*Problem description*
Return the lines that run from the beginning of the entries to the line holding "Virginia Tech takes", inclusive, and drop the pictures.
▬▬▬▬▬▬▬▬▬▬
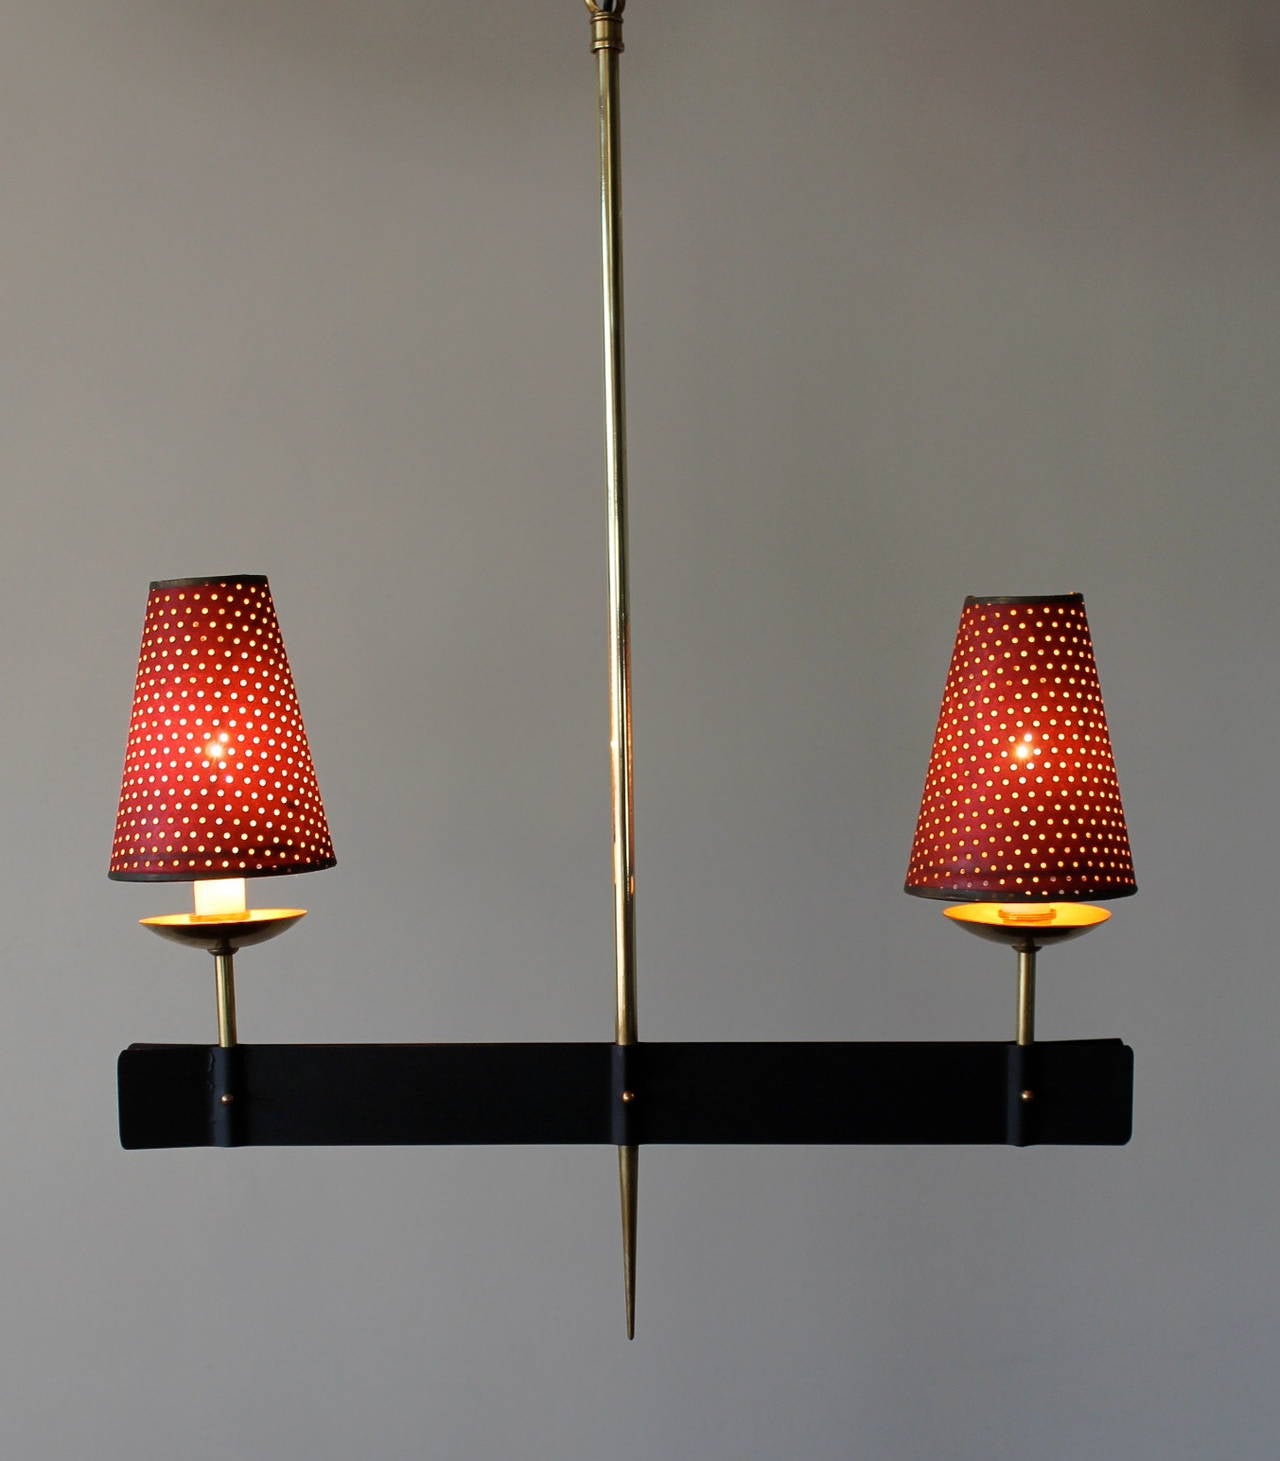 Hanging French lamp made of brass and iron with two lights covered with petite perforated paper shades in a vintage burgundy color. A solid brass slender spear in middle with an iron bar crossing over on the bottom holding a lamp on each side.
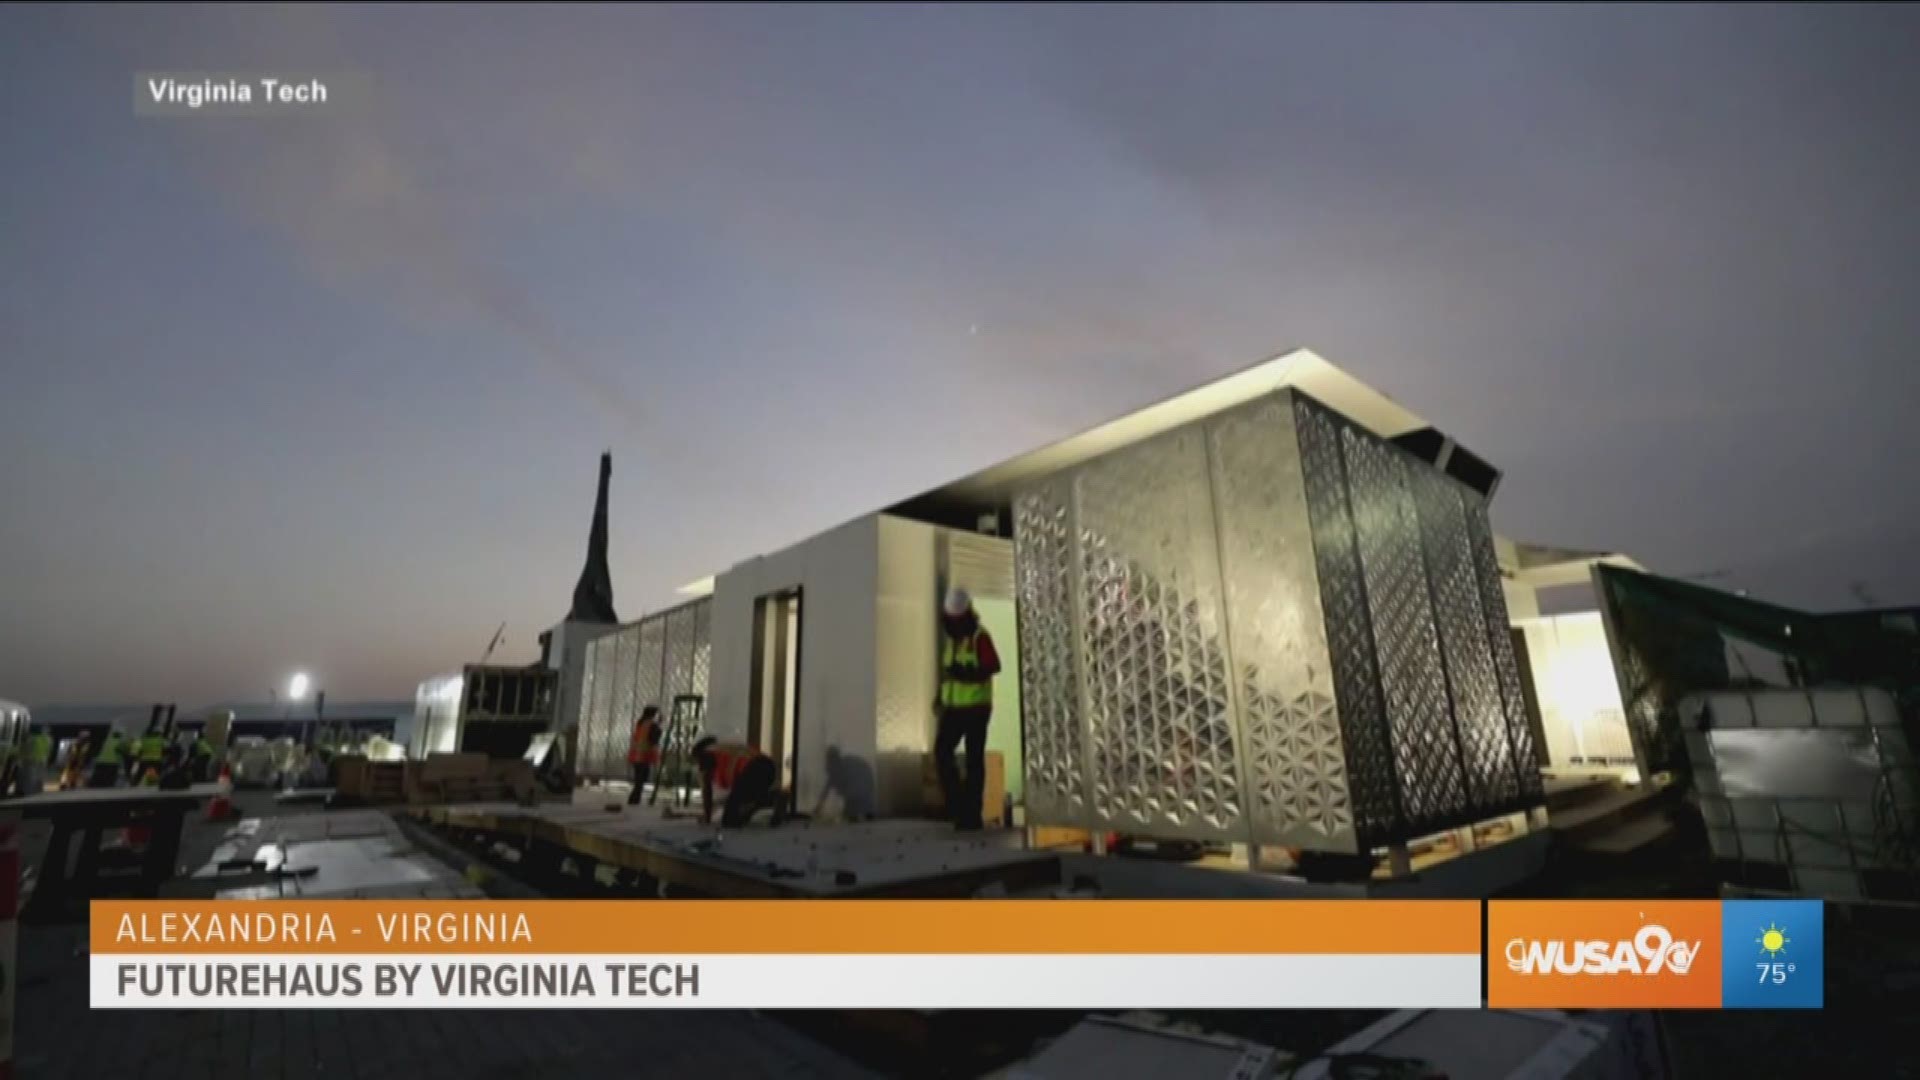 Virginia Tech takes an international award for their house of the future, literally called Futurehaus, which is set to disrupt the future of the housing industry. For more information xfinity.com or call 1-800-xfinity.
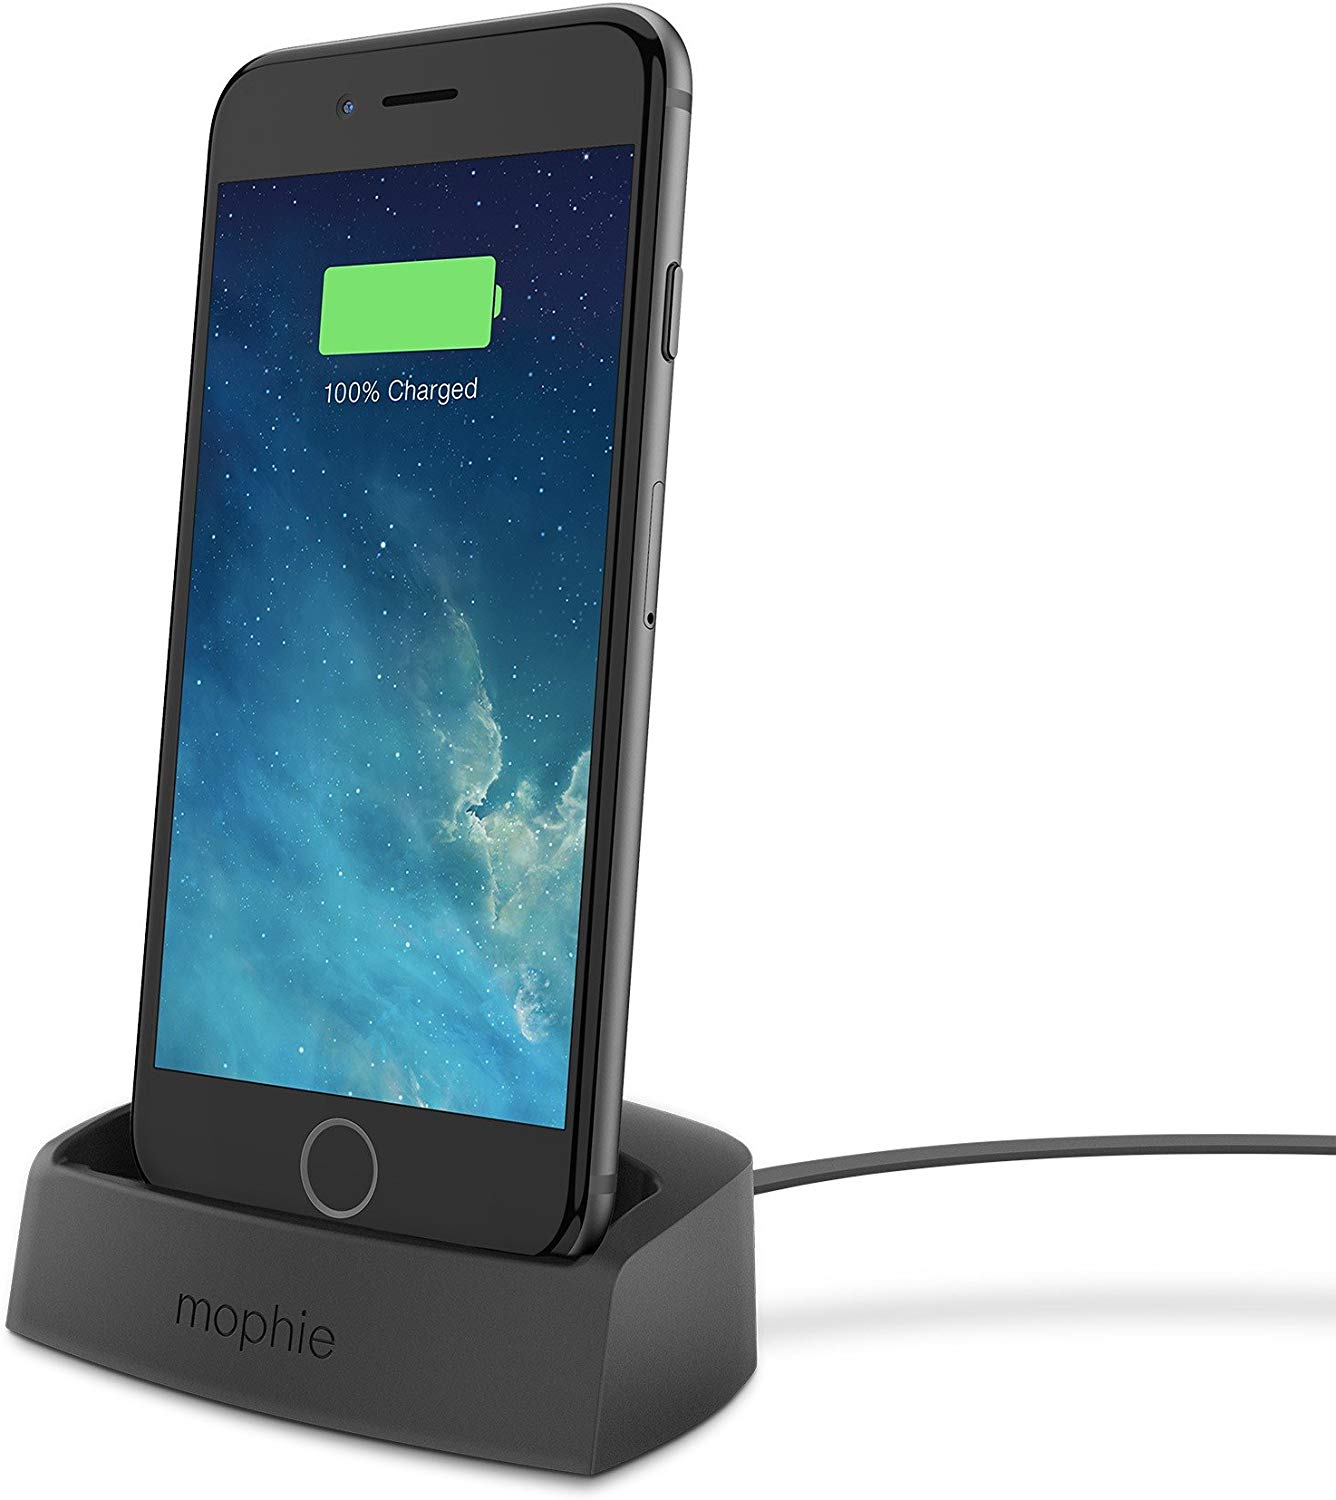 Mobile ch. Iphone 5 Dock. Mophie.
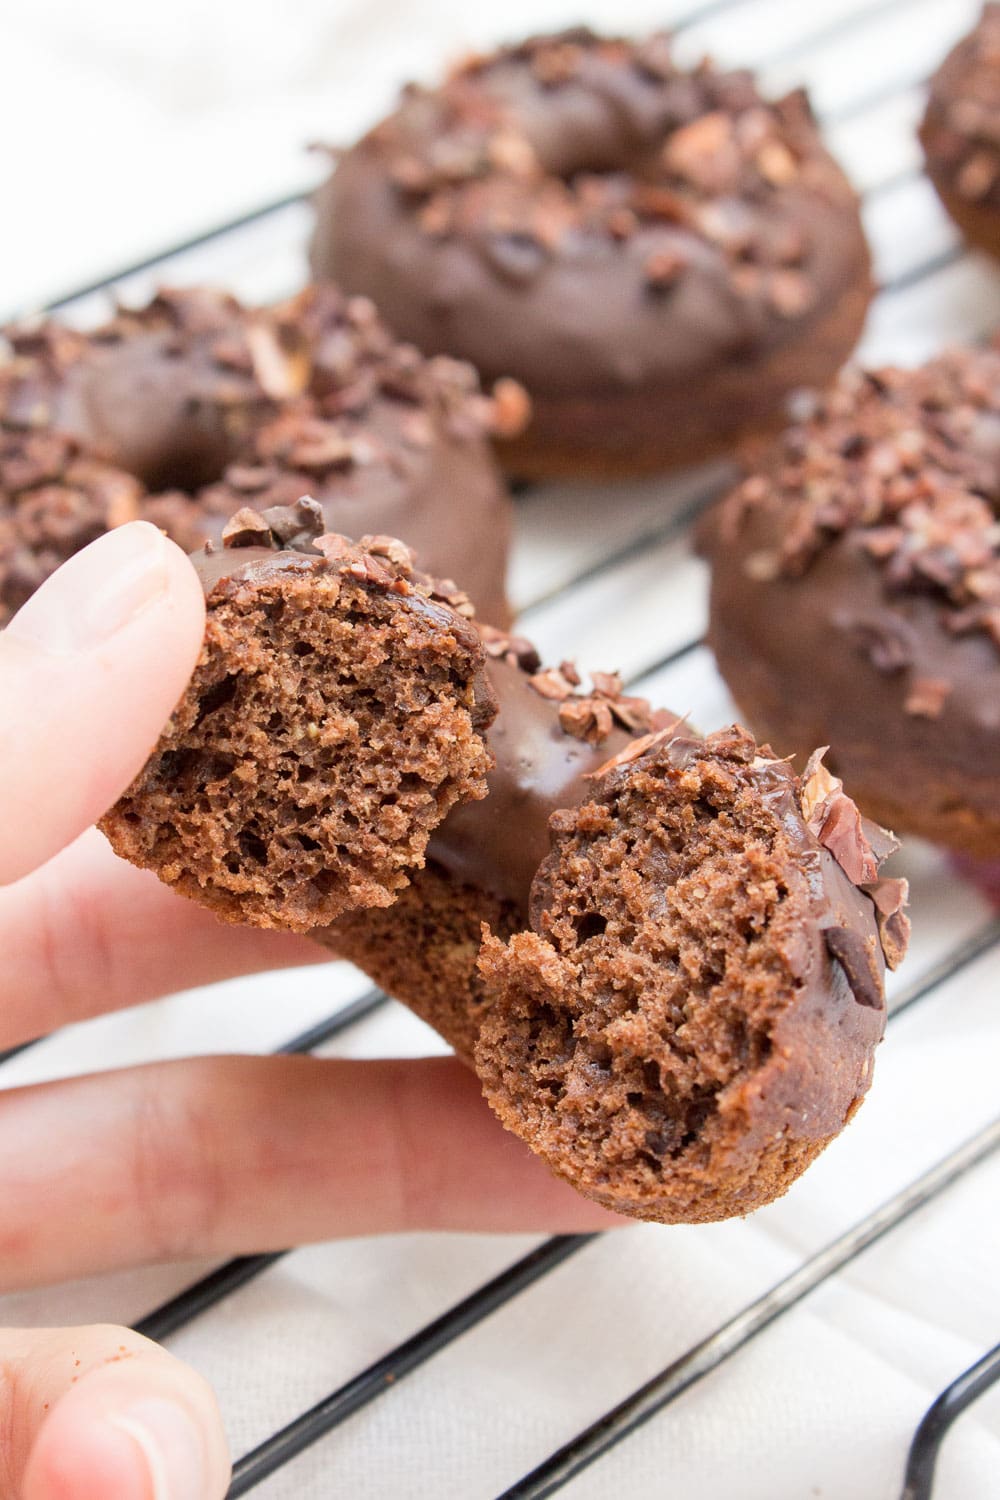 Baked whole wheat double chocolate banana donuts infused with cinnamon and topped with melted dark chocolate. These are made with all healthy ingredients, nutritious and contains no refined sugars! CLICK to read more or PIN for later! #donuts #doughnuts #healthy #easy
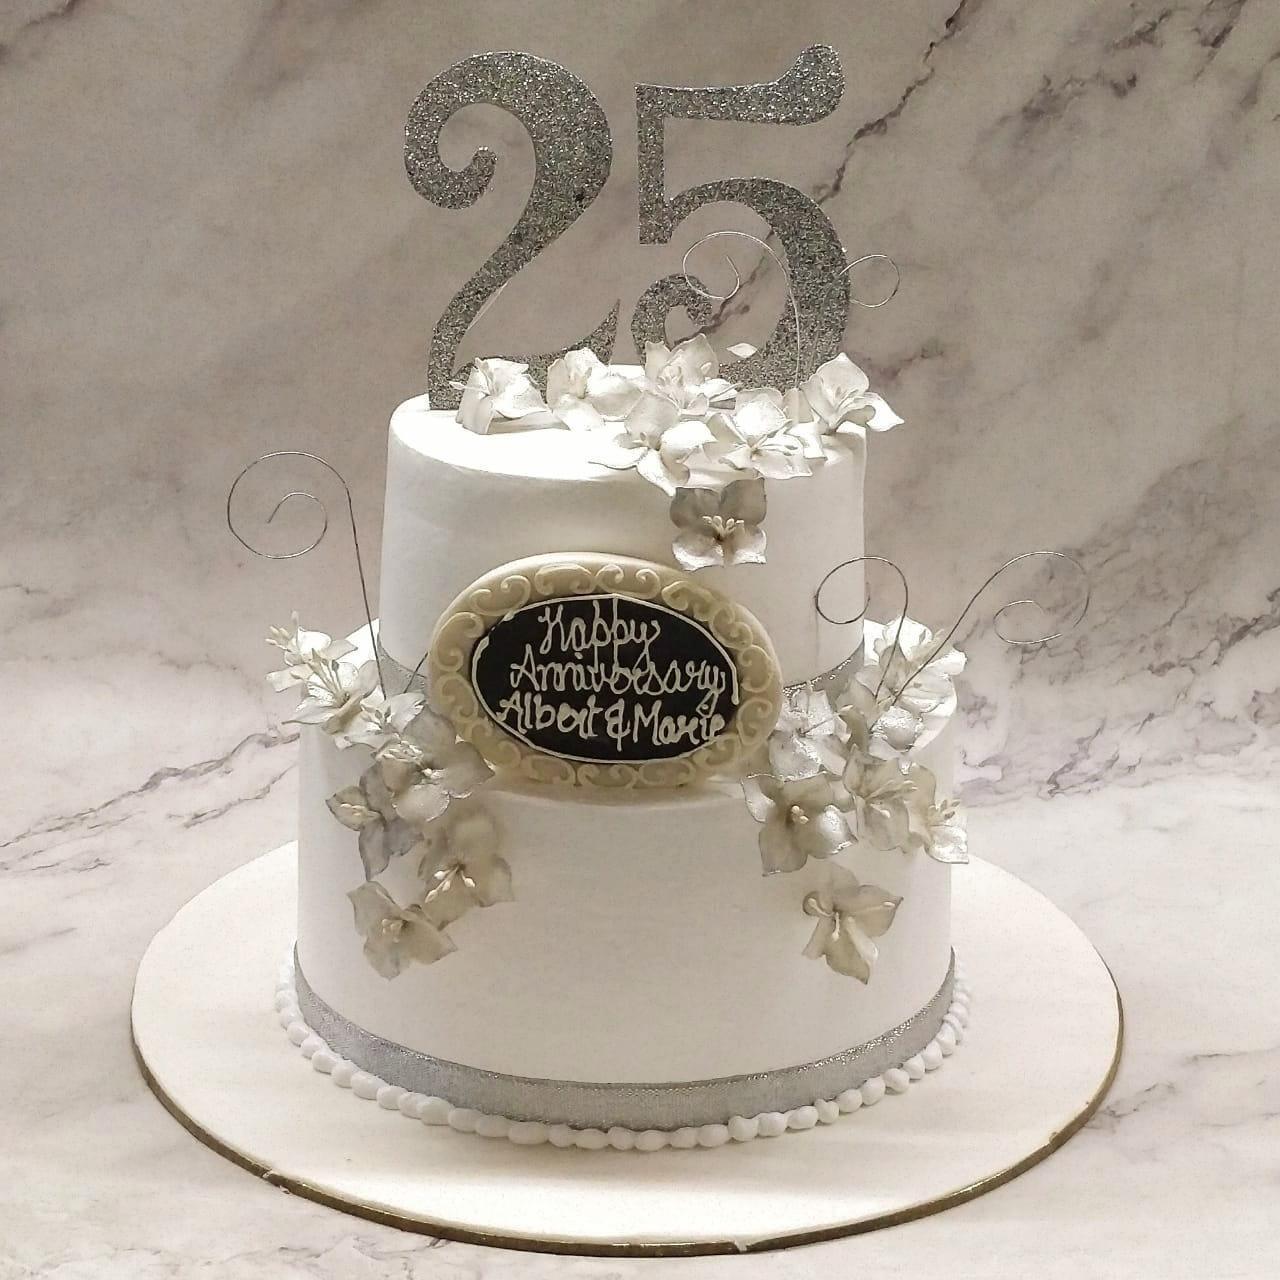 Incredible Compilation of Full 4K 25th Anniversary Cake Images: Over 999+ Astonishing Options!
▬▬▬▬▬▬▬▬▬▬
*Output of the task*
 Hanging French lamp made of brass and iron with two lights covered with petite perforated paper shades in a vintage burgundy color. A solid brass slender spear in middle with an iron bar crossing over on the bottom holding a lamp on each side.
 Virginia Tech takes an international award for their house of the future, literally called Futurehaus, which is set to disrupt the future of the housing industry. For more information xfinity.com or call 1-800-xfinity.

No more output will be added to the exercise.